▸ AIM OF THE TASK
Write out the stretch of lines below that begins at the line with "Residencial roma sustituci" and ends at the line with "99761f6126e Ted Baker", including both, exactly as given and nothing more.

--- RECORD EXCERPTS Enclosed Below ---

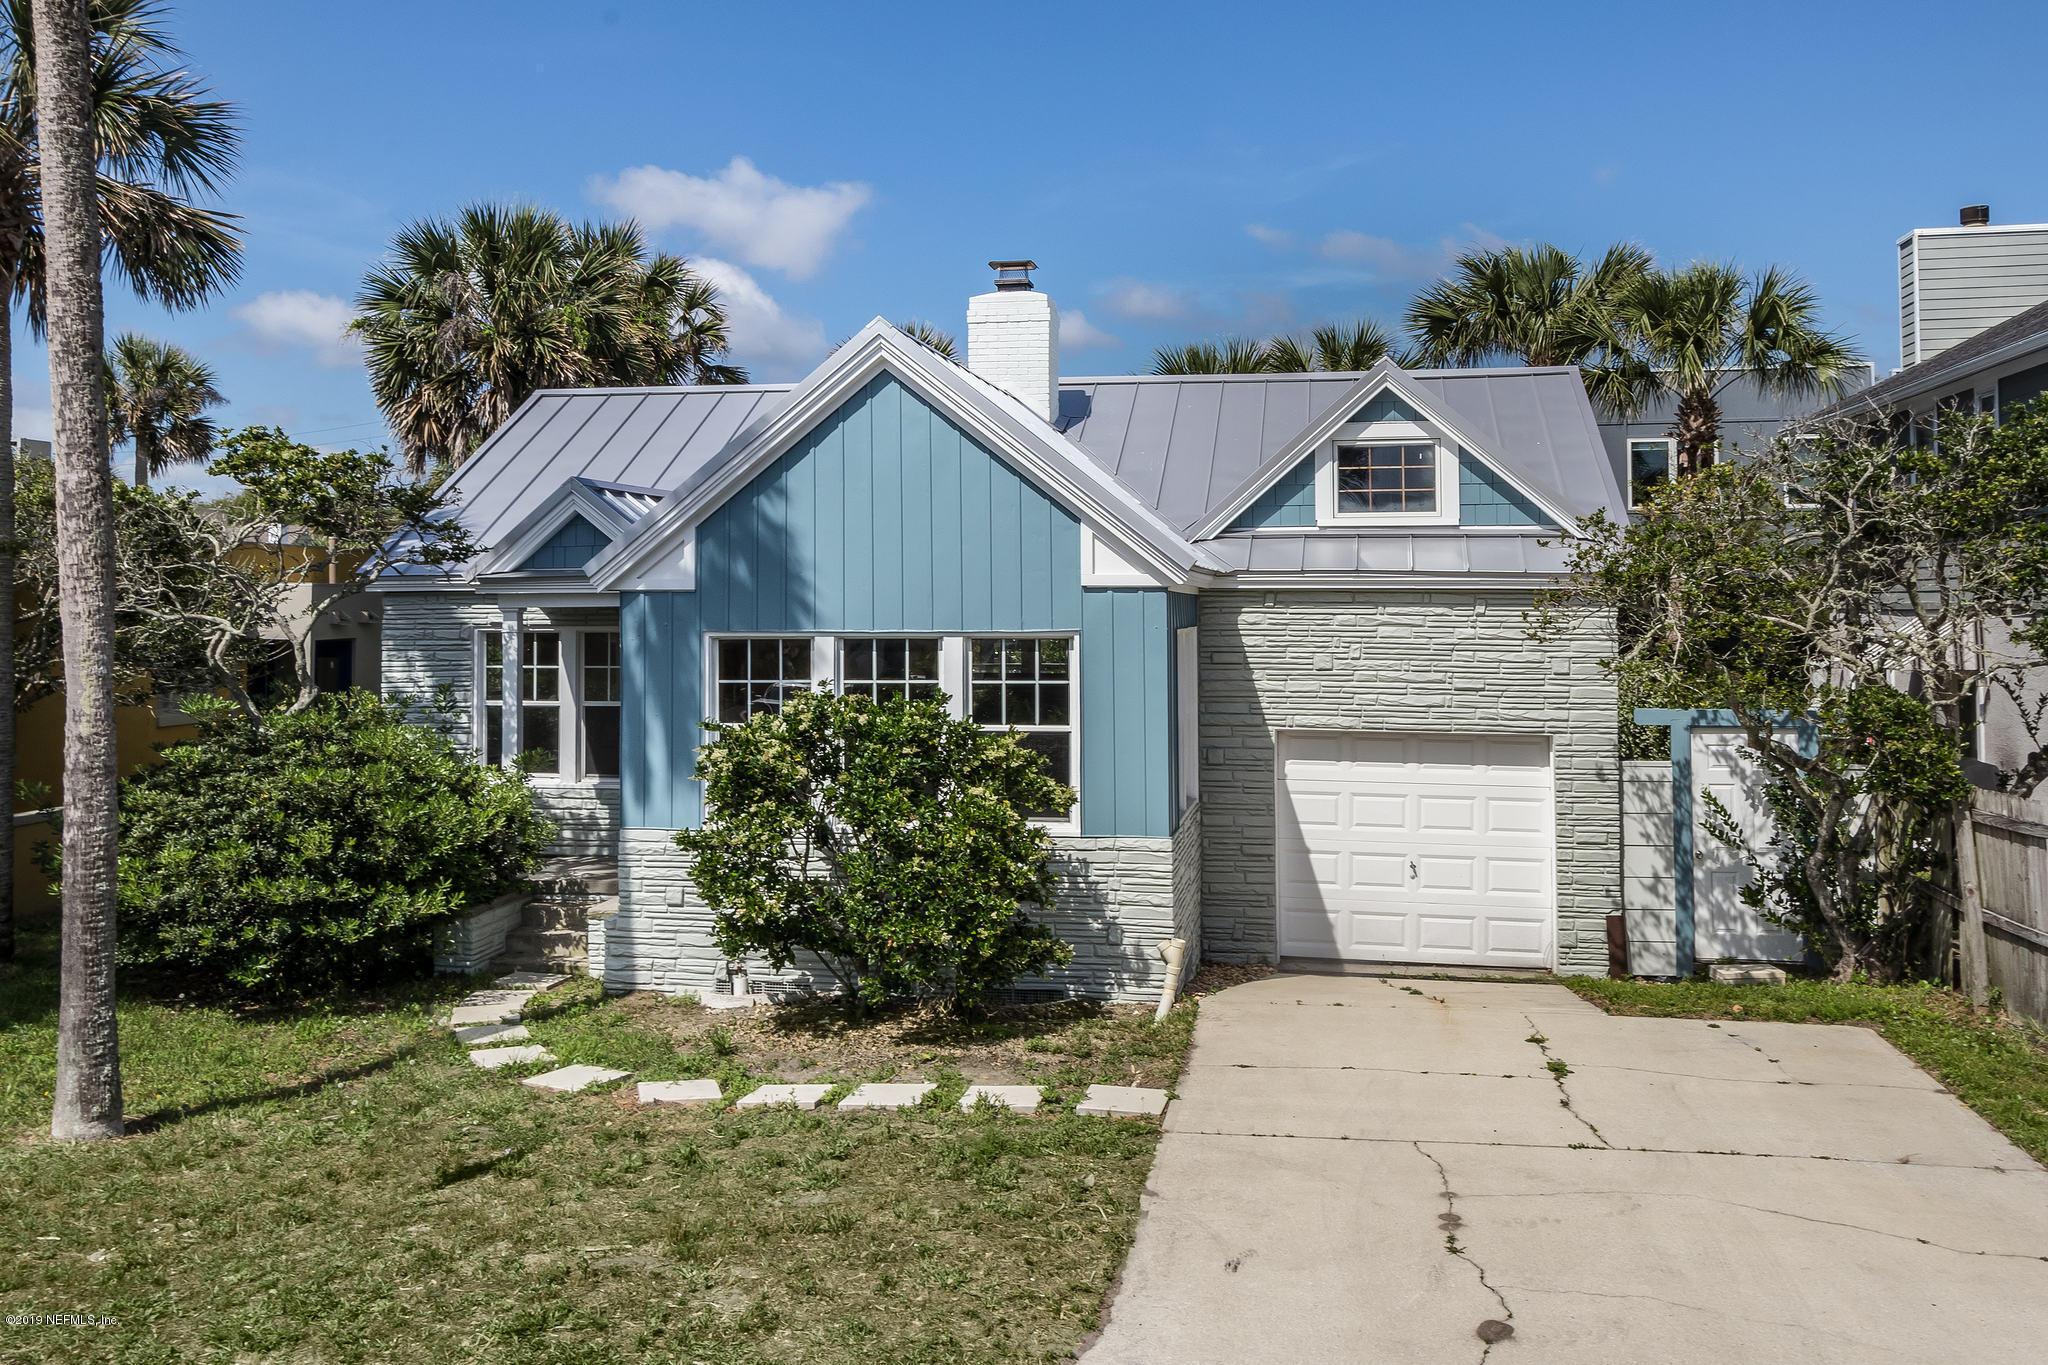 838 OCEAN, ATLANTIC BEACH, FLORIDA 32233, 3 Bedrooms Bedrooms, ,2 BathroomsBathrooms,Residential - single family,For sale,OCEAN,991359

--- End of Enclosed RECORD EXCERPTS ---
--- RECORD EXCERPTS Enclosed Below ---

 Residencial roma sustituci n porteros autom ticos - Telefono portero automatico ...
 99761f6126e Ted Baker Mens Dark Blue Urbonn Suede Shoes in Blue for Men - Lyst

--- End of Enclosed RECORD EXCERPTS ---

▸ EXERCISE RESPONSE
 Residencial roma sustituci n porteros autom ticos - Telefono portero automatico ...
 99761f6126e Ted Baker Mens Dark Blue Urbonn Suede Shoes in Blue for Men - Lyst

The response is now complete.